Looks like an ad is poorly designed.


----------



## darjr (Mar 27, 2011)

I don't see it. What browser are you using?


----------



## Scott DeWar (Mar 27, 2011)

Mozzila Firefox


----------



## darjr (Mar 27, 2011)

What dice4hire said. Are you getting it constantly?


----------



## Scott DeWar (Mar 27, 2011)

it will show up about once per week or so. Seen it for the last month.


----------



## Scott DeWar (Mar 30, 2011)

darjr: here is another
page:
http://www.enworld.org/forum/3446088-post.html

what it says: (it appears to be written in color 000000 )

[sblock]
function pr_swfver(){ var osf,osfd,i,axo=1,v=0,nv=navigator; if(nv.plugins&&nv.mimeTypes.length){osf=nv.plugins["Shockwave Flash"];if(osf&&osf.description){osfd=osf.description;v=parseInt(osfd.substring(osfd.indexOf(".")-2))}} else{try{for(i=5;axo!=null;i++){axo=new ActiveXObject("ShockwaveFlash.ShockwaveFlash."+i);v=i}}catch(e){}} return v; } var pr_d=new Date();pr_d=pr_d.getDay()+"|"+pr_d.getHours()+":"+pr_d.getMinutes()+"|"+-pr_d.getTimezoneOffset()/60; var pr_postal=""; var pr_data="Hobby"; var pr_redir="http://b3.mookie1.com/RealMedia[/sblock]


----------



## jonesy (Mar 30, 2011)

Since Google adds are mostly localized (assuming it's a Google add), it wouldn't show up for everyone. It doesn't for me, not even in the source code.
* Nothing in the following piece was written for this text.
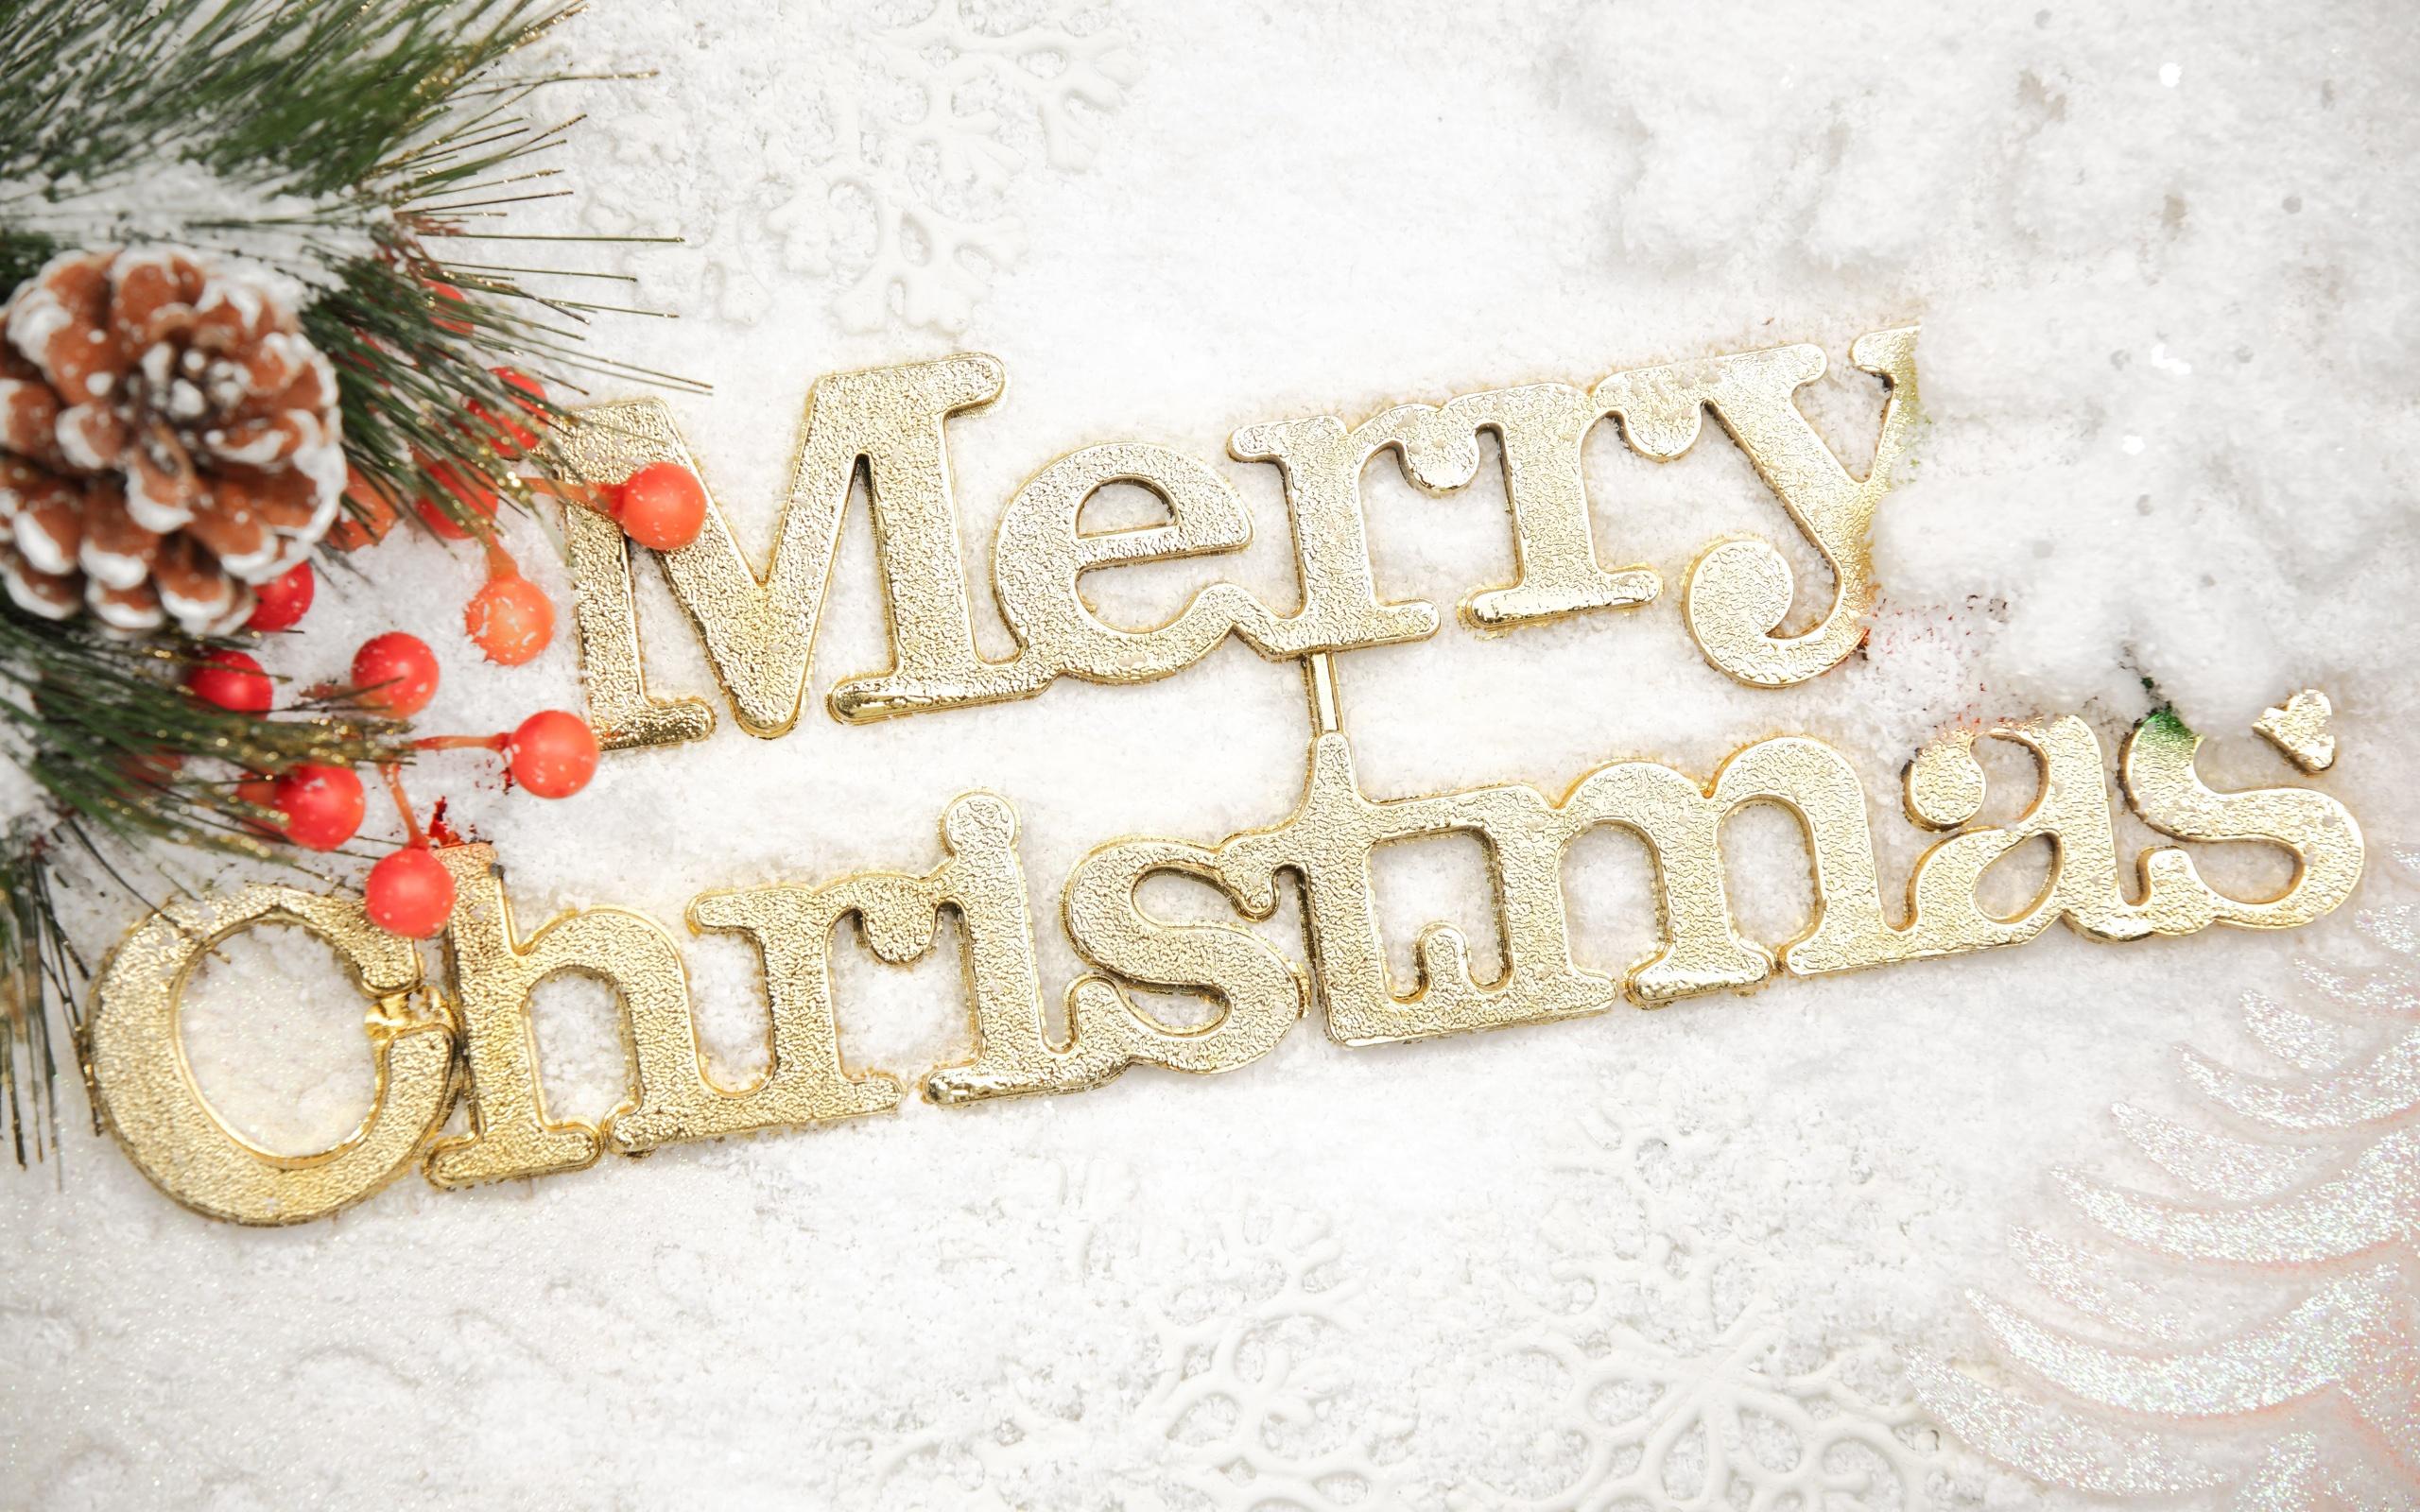 Weihnachten Zeichen, Weihnachtsbaum, Schneeflocken, Ornamente ...

And Scott, DaR and darjr are two different users.


----------



## darjr (Mar 30, 2011)

mookie1.com is an advertising firm. Looks like a broken add.

[MENTION=1]Morrus[/MENTION] could probably let the add network know about it.


----------



## Scott DeWar (Mar 31, 2011)

jonesy said:


> *snip*
> And Scott, DaR and darjr are two different users.




I know, it was a  half awake posting that I did.


----------